Masyarakat nelayan di Desa Kumo menganggap bahwa eksistensi biota laut amat penting dalam kehidupan masyarakat, karena sumber mata pencaharian mereka yang utama berasal dari laut. Komunitas nelayan di Desa Kumo sebagai bagian dari masyarakat Halmahera Utara berusaha melestarikan biota yang ada di laut termasuk hutan mangrove yang ada di pesisir agar menghasilkan potensi sumberdaya ikan yang berkelanjutan. Dengan demikian, biota laut dapat berkembang memenuhi kebutuhan masyarakat nelayan di sekitarnya.

Dalam kepercayaan kelompok masyarakat nelayan di Desa Kumo, segala bentuk kerusakan lingkungan, baik di laut maupun di darat, apalagi jika ditambah dengan pencemaran sebagai dampak dari aktivitas ekonomi manusia, pasti menimbulkan kerusakan lingkungan laut dan mengancam kehidupan biotanya. Apabila hal ini terjadi, maka yang dirugikan adalah masyarakat nelayan karena laut tidak lagi menyediakan makanan bergizi dan sehat. Selain itu, laut adalah satu ekosistem yang harus dilindungi.

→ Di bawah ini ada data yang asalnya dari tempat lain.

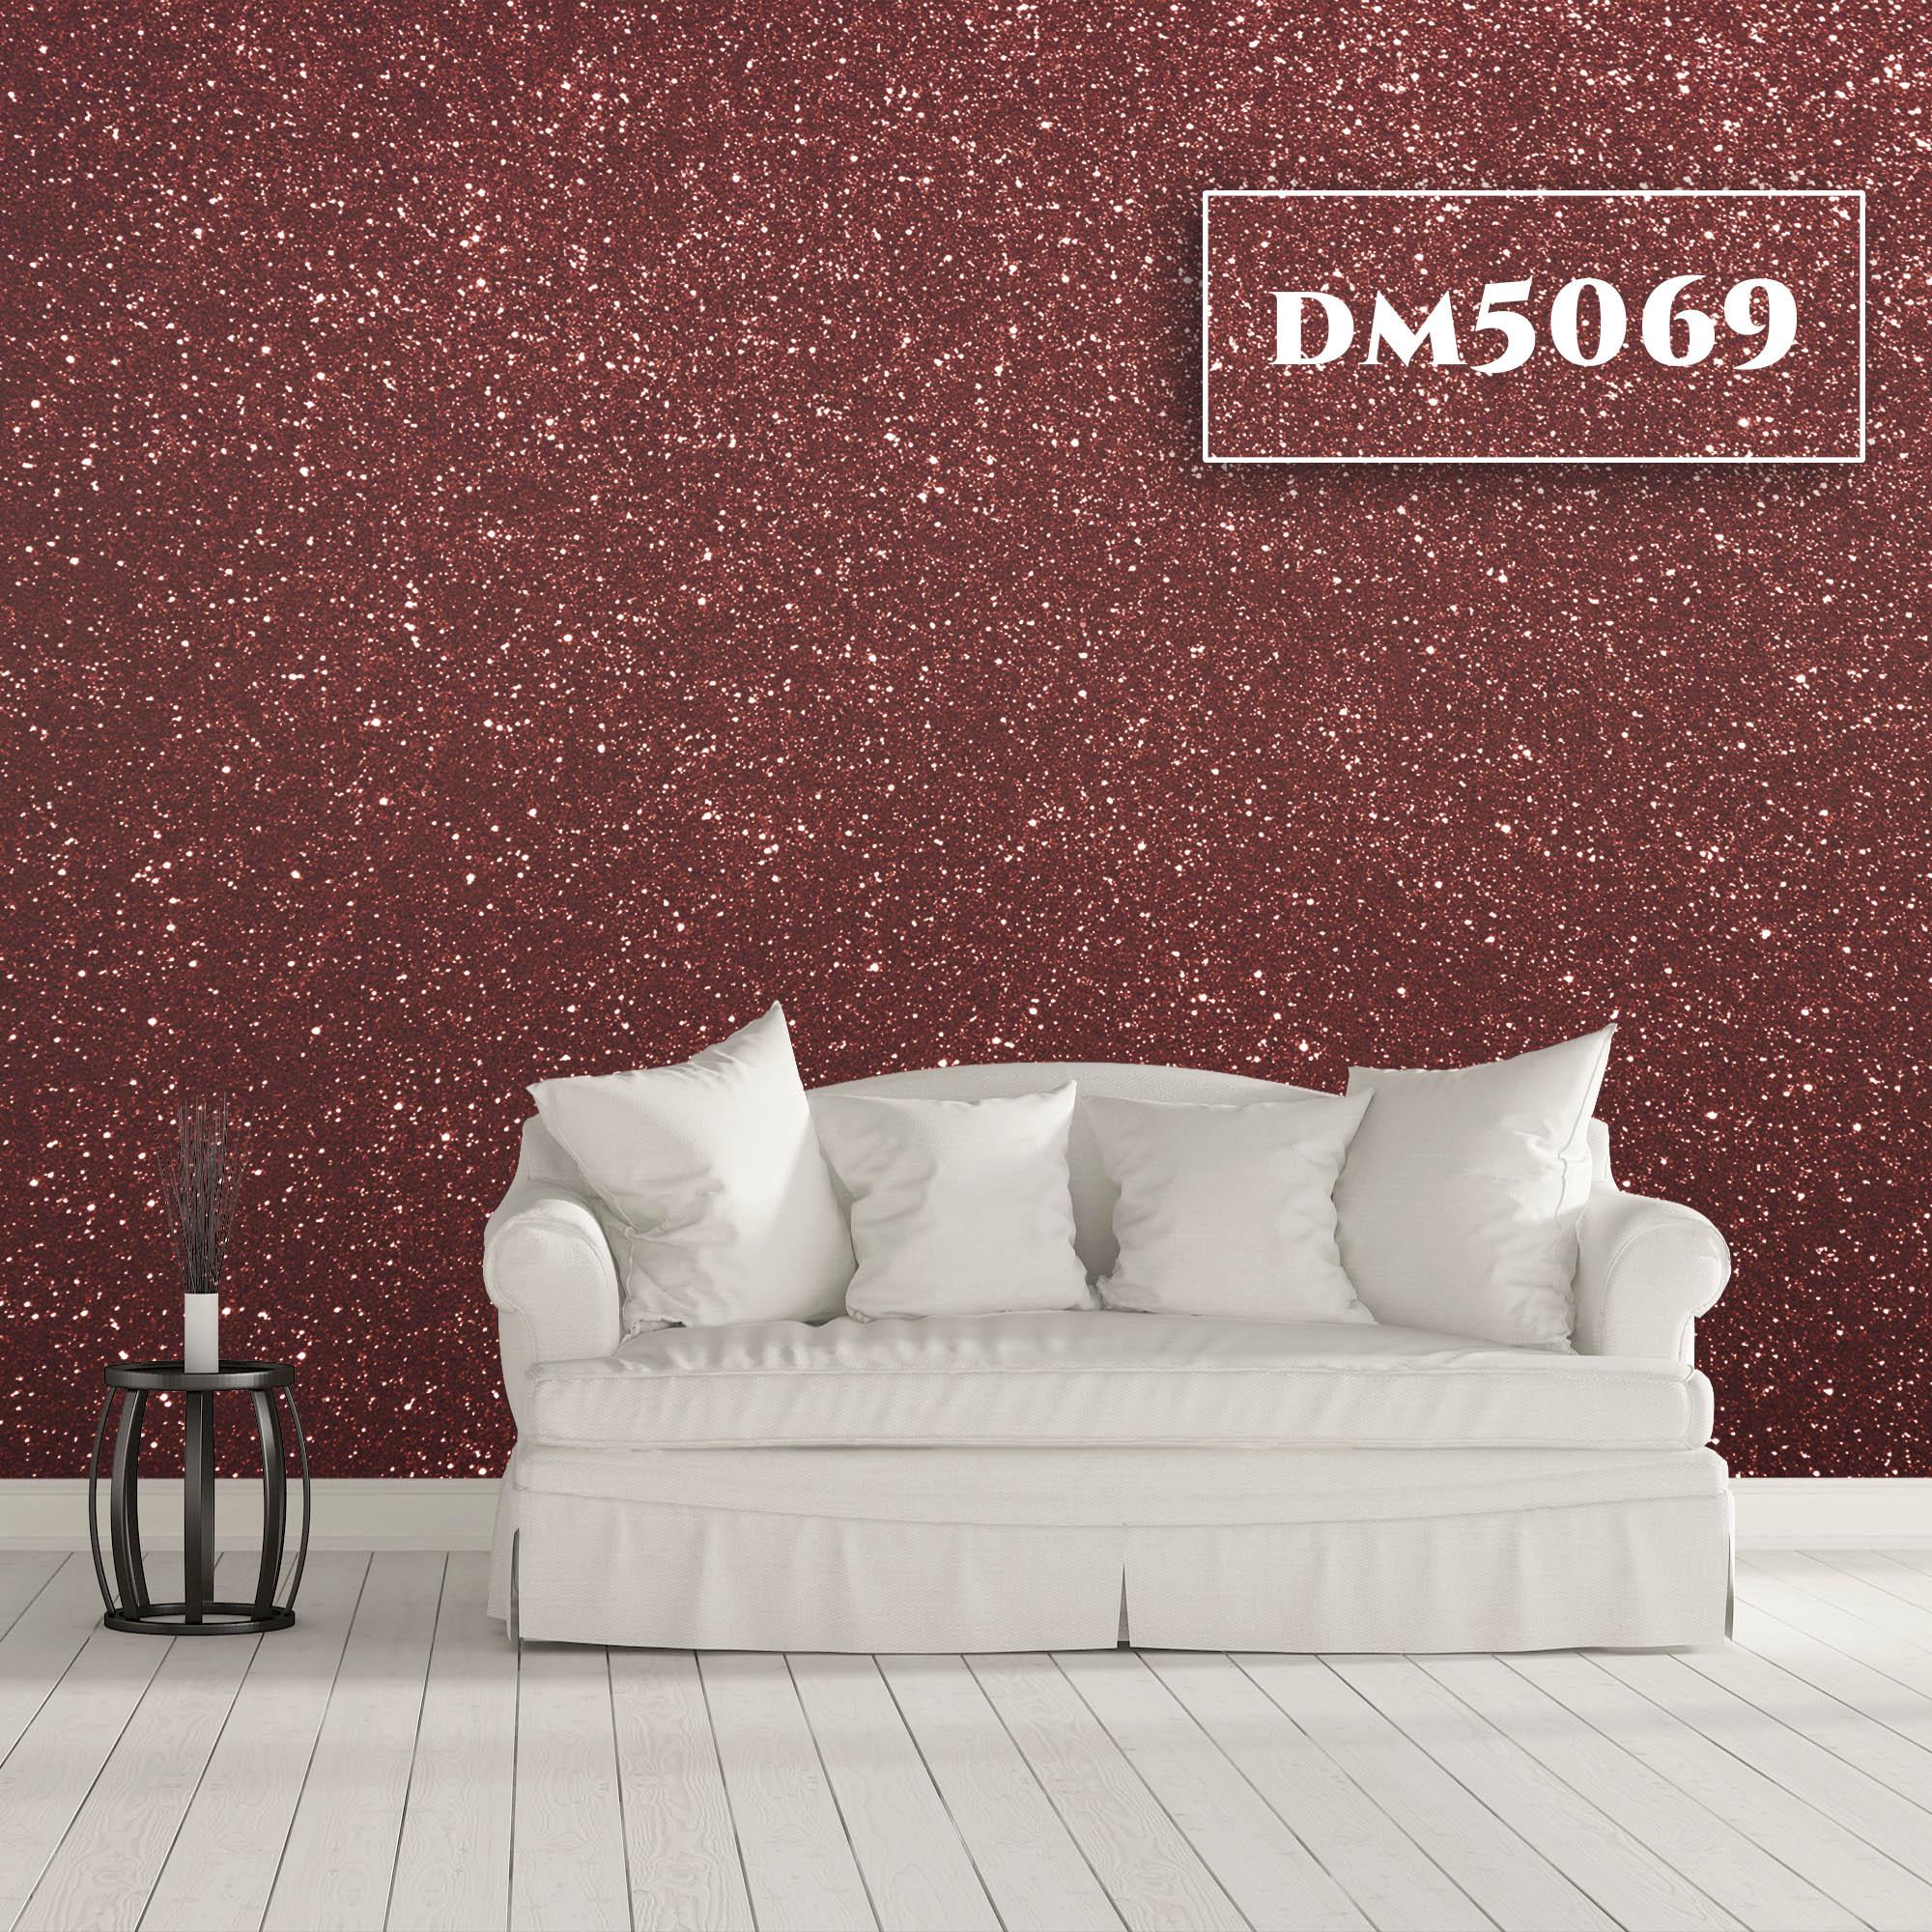 DM5069

Sedangkan bagi kelompok nelayan yang tinggal di daerah perkotaan seperti kelompok nelayan Nustalenta yang ada di Desa Rawajaya, kepedulian mereka terhadap lingkungan pesisir sangat kecil. Meskipun sebagian dari sumber penghidupan mereka berasal dari laut seperti ikan-ikan yang berkembang biak di sekitar hutan mangrove, tingkat keperdulian mereka dalam menjaga kelestarian sumberdaya pesisir lebih rendah dibandingkan dengan kelompok nelayan di Desa Kumo.

Kelompok masyarakat nelayan Nustalenta yang tinggal di daerah perkotaan tidak memiliki tingkat kesadaran yang cukup baik terhadap lingkungannya. Hal ini terlihat jelas dari banyaknya intensitas pembabatan hutan mangrove di sekitar mereka, justru dibiarkan hingga kondisi lingkungan semakin kritis. Salah satu faktor penyebabnya diduga karena heterogenitas dari kelompok masyarakat. Keberadaan suku dan ras yang beraneka ragam ini yang membuat tidak adanya kekompakan dalam melakukan gerakan bersama memelihara lingkungan. Indikasi kurangnya tingkat kesadaran nelayan Nusalenta terlihat dari kerusakan hutan mangrove di dekat daerah pemukiman mereka. Perananan tokoh masyarakat dalam mengajak warganya yang heterogen ini juga sangat terbatas, bahkan sulit mendapatkan tokoh yang bisa diikuti dan dituruti perintahnya oleh anggota masyarakat.